GIVEN MATERIAL
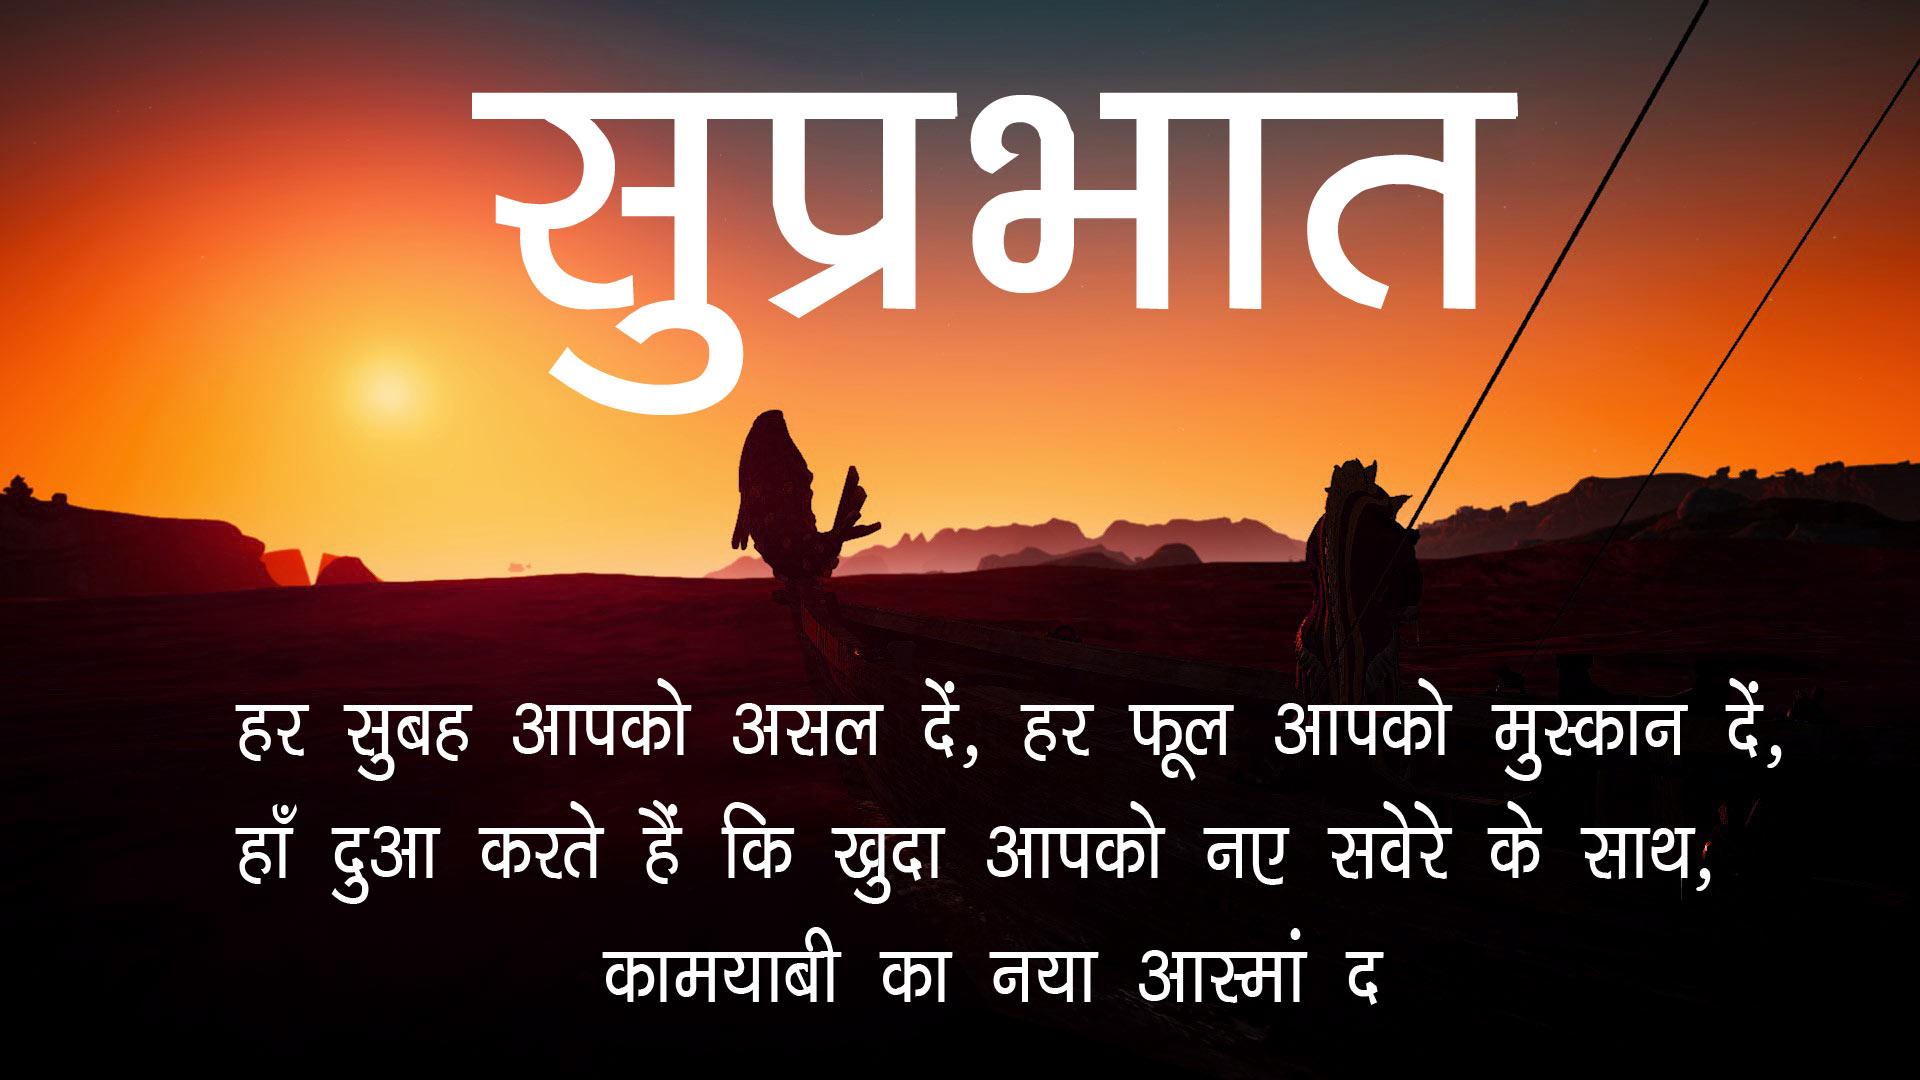 Good Morning Hindi Suvichar Images hd
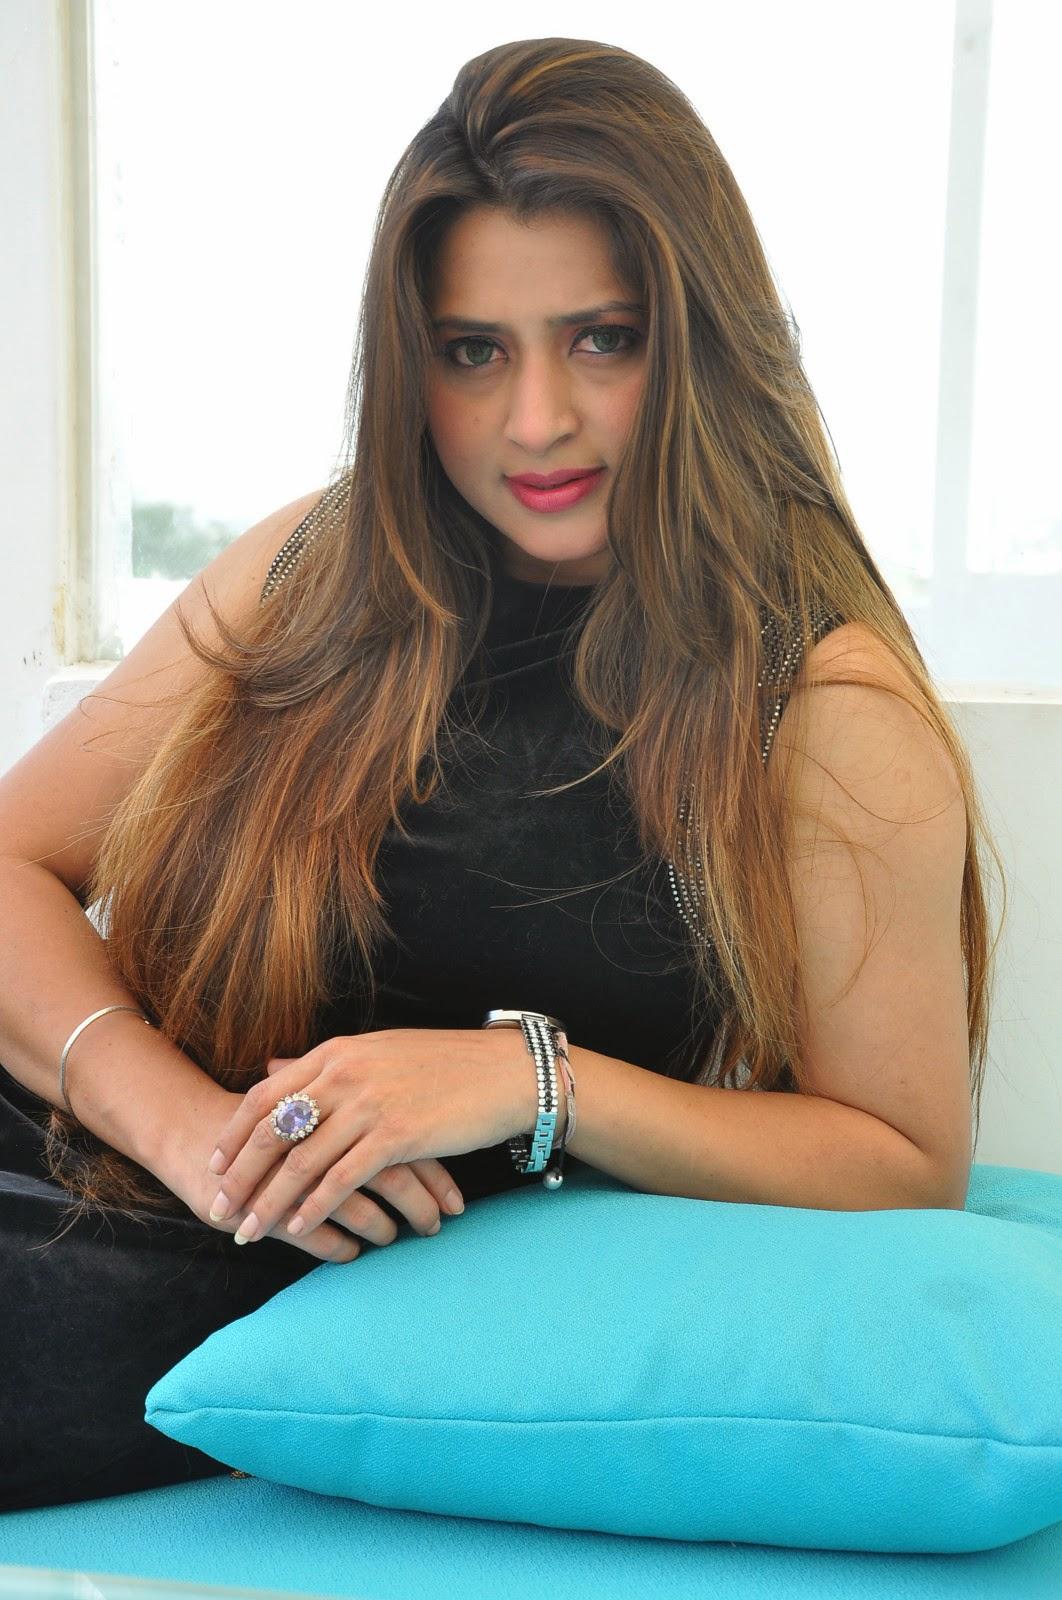 Farah khan glamorous photos-HQ-Photo-14
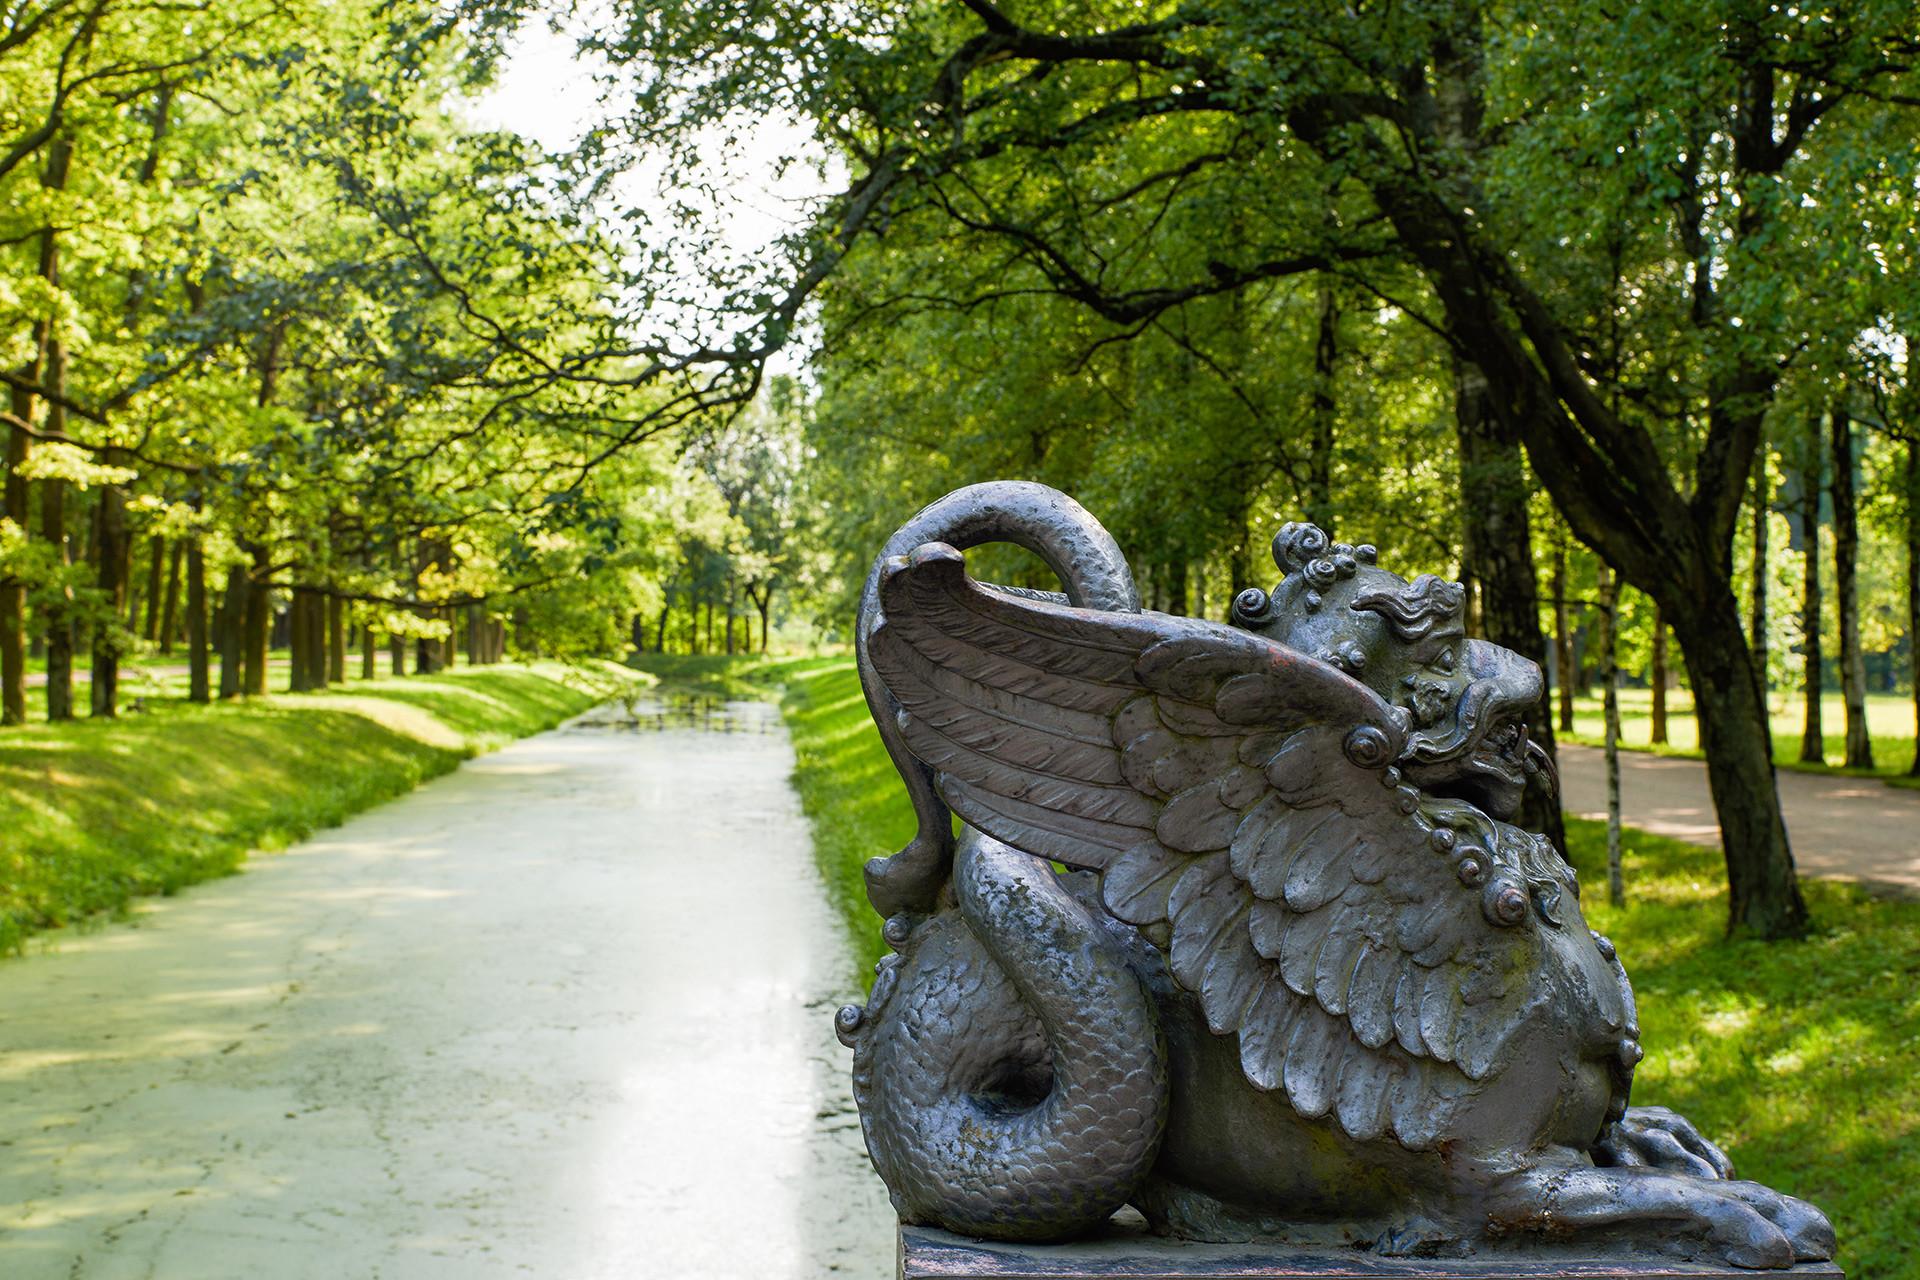 ドラゴン橋の彫刻。プーシキン市の野外博物館ツァールスコエ・セローにあるアレクサンドロフスキー公園。
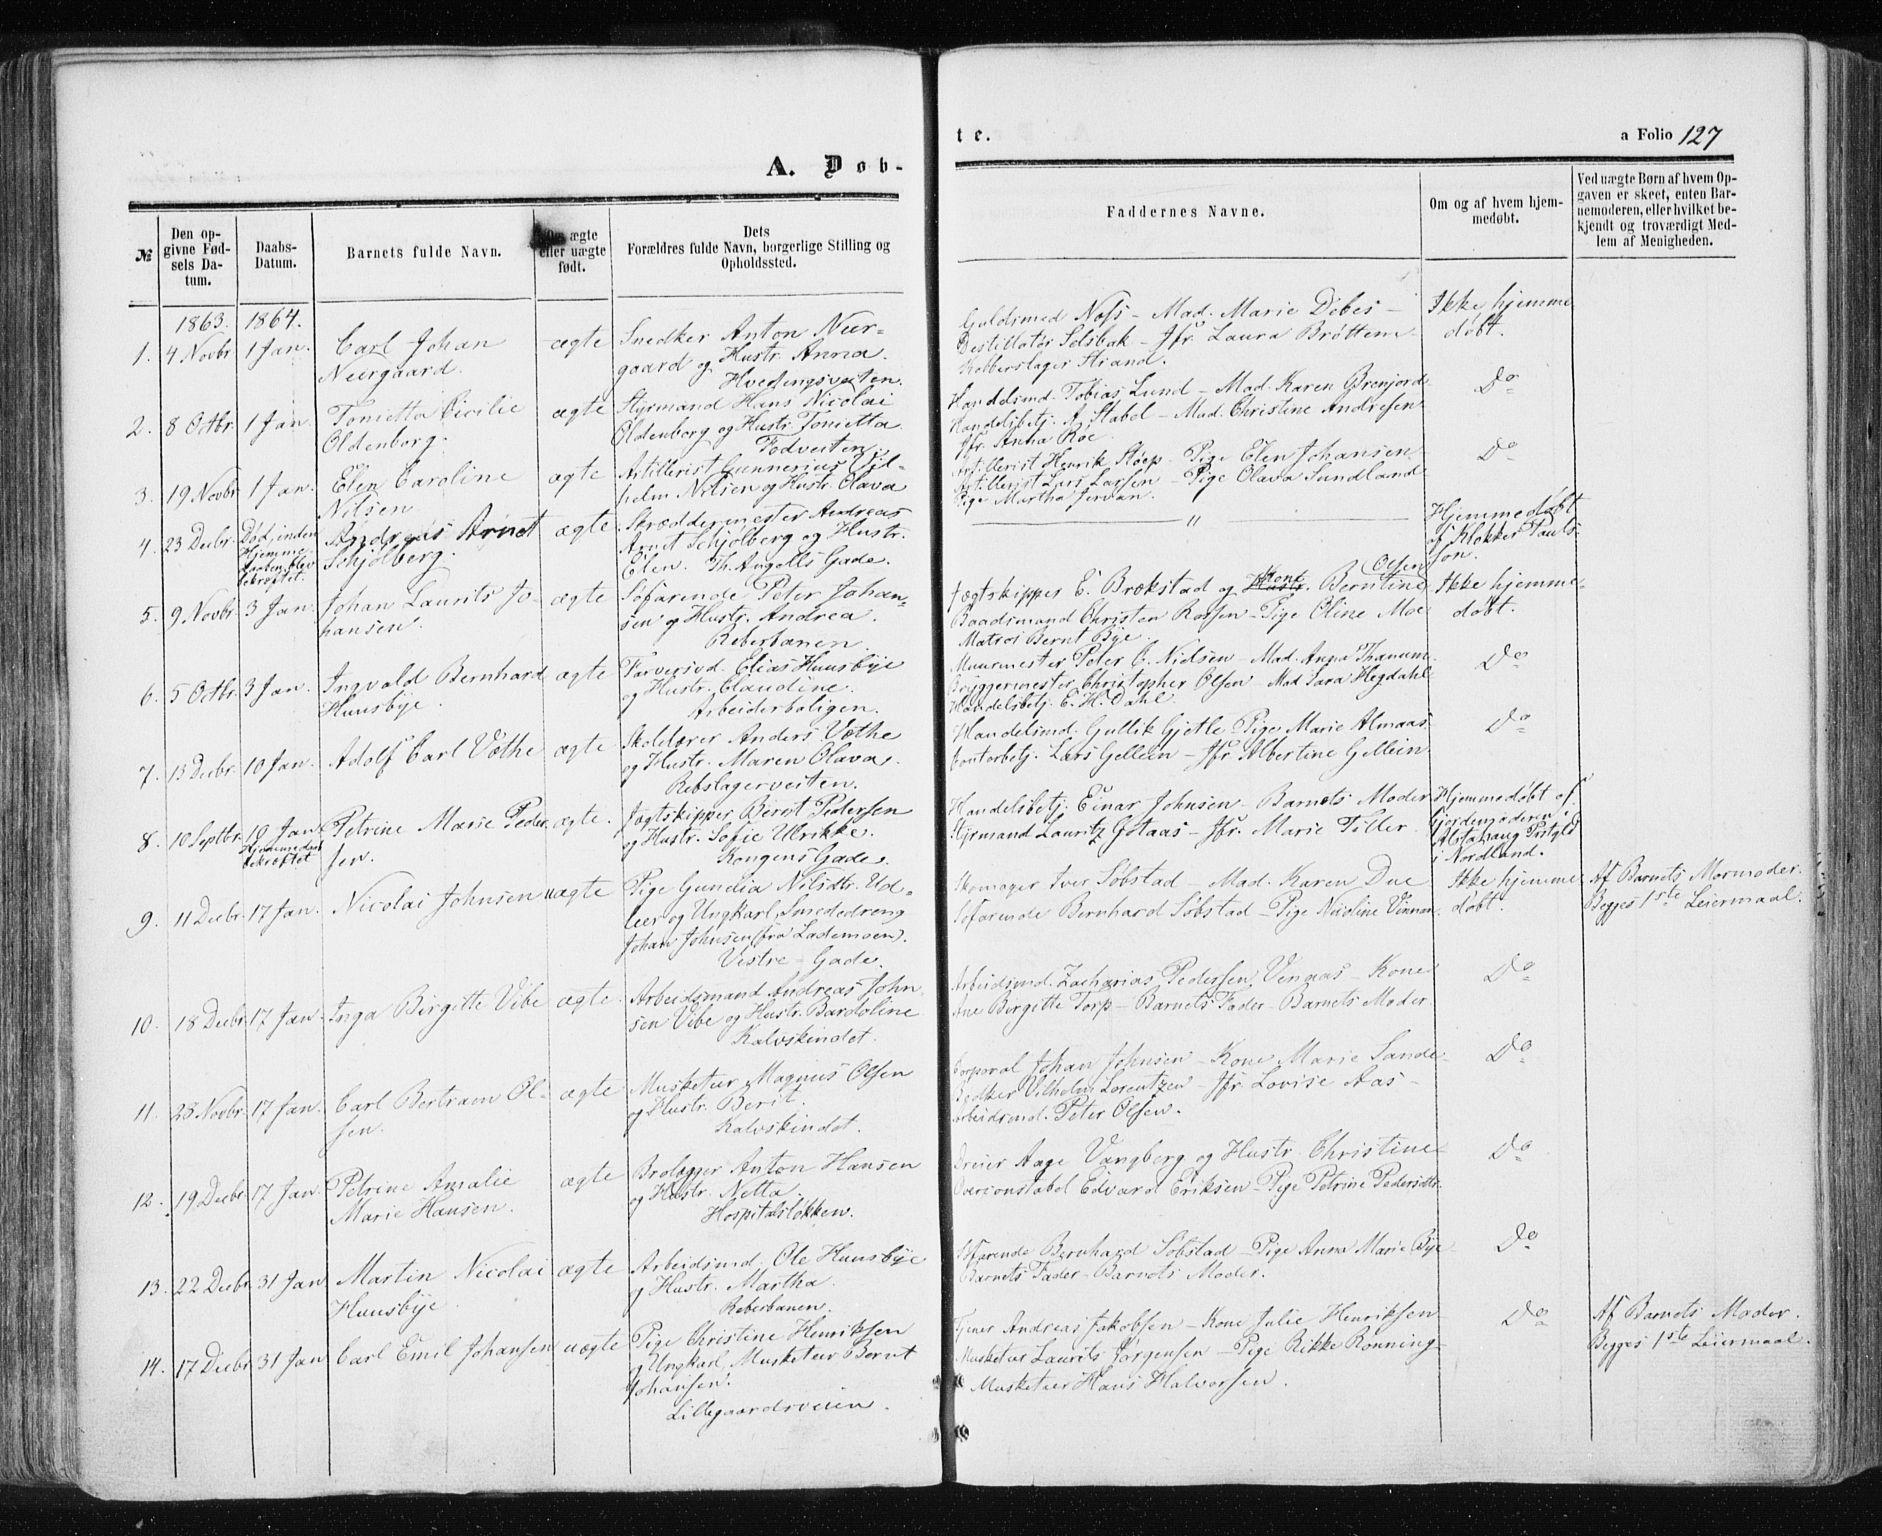 SAT, Ministerialprotokoller, klokkerbøker og fødselsregistre - Sør-Trøndelag, 601/L0053: Ministerialbok nr. 601A21, 1857-1865, s. 127

WHAT IS BEING ASKED
Restate the data above word for word. Skip every picture.

OUTPUT FOR THIS EXERCISE
 Good Morning Hindi Suvichar Images hd
 Farah khan glamorous photos-HQ-Photo-14
 ドラゴン橋の彫刻。プーシキン市の野外博物館ツァールスコエ・セローにあるアレクサンドロフスキー公園。
 SAT, Ministerialprotokoller, klokkerbøker og fødselsregistre - Sør-Trøndelag, 601/L0053: Ministerialbok nr. 601A21, 1857-1865, s. 127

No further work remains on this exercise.